The WTF Awards / sketching a map to an escape from steam engine time
The WTF Awards / sketching a map to an escape from steam engine time
The myopic utility- and profit-oriented nature of markets funnels us into a world where monoculture & path dependence turns technological development into endless deja-vu. In my previous article on this subject, I recommended counteracting these forces through a proliferation of small-scale independent contests designed to reward absence of apparent utility. In this one, I would like to present a sketch or prototype of what such a contest’s ruleset would look like.
This kind of contest should be made small-scale and as inexpensive as possible to run: I would like to see a federation of similar contests occurring simultaneously, run by different universities and other organizations.
If you are in the position of creating such a contest, feel free to crib & modify these rules.
The XXth Annual X University WTF Awards
Abstract
Short-term thinking locks us into decisions before we have the opportunity to determine the best path forward. On the other hand, the results of undirected exploration can become useful after they have already matured. To this end, we would like to encourage undirected exploration through a celebration of the pointless, unclassifiable, and inexplicable: those things that push the boundaries we can’t see yet.
Rules
1. Applications begin April 1st, at the beginning of the awards ceremony for the previous year, and end at midnight of that night. Your application may not contain any information about your planned submission. If we recieve more applications than we can reasonably expect to judge, we will choose accepted applications by lottery.
2. Work done is to be presented on April 1st of the following year. Anyone who presents their work after one year is also eligable to present at the ceremonies three, five, and seven years later, so long as they have done new work on their project in the meantime.
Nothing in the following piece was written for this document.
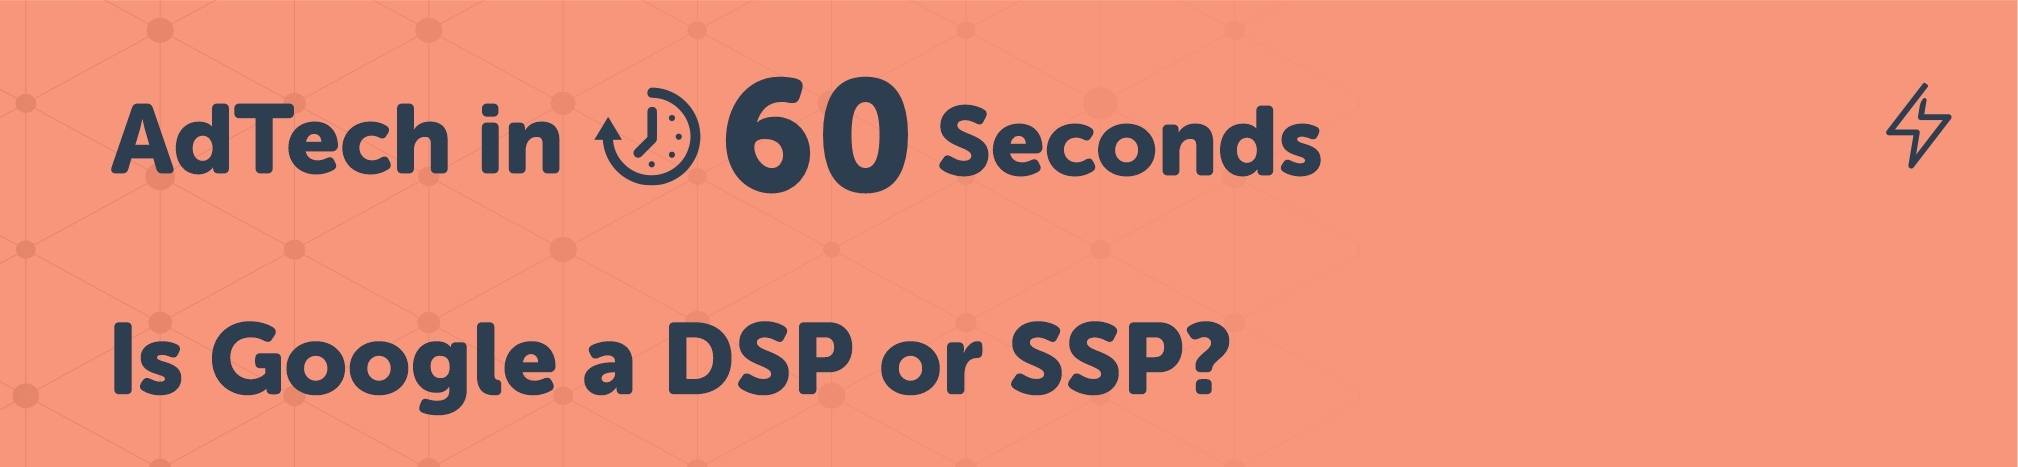 Is Google a DSP or SSP?

3. Judges should be expected to grade on the criteria of: apparent uselessness, novelty with respect to previous work, novelty with respect to other entries, cross-disciplinarity, technical difficulty, classification difficulty, new ground covered, and (if this is a 3, 5, or 7 year project) dissimilarity to earlier versions of this project.
4. Those projects being presented must provide documentation of build processes, early research, rationales behind decisions made, and any discoveries made during the course of the project. This should be complete enough that a third party, following this documentation, could reproduce the project in its presented state. This document will be released into the public domain and stored in a public archive associated with the contest.
5. The winner of first prize in the X University WTF awards recieves $500, gives the closing speech for the ceremony, and their project is banned from being re-entered (although they may take their entry to other WTF Awards with whom we are federated, after 3 years). The winner of the second place prize gets $250, and the winner of the third place prize gets $200.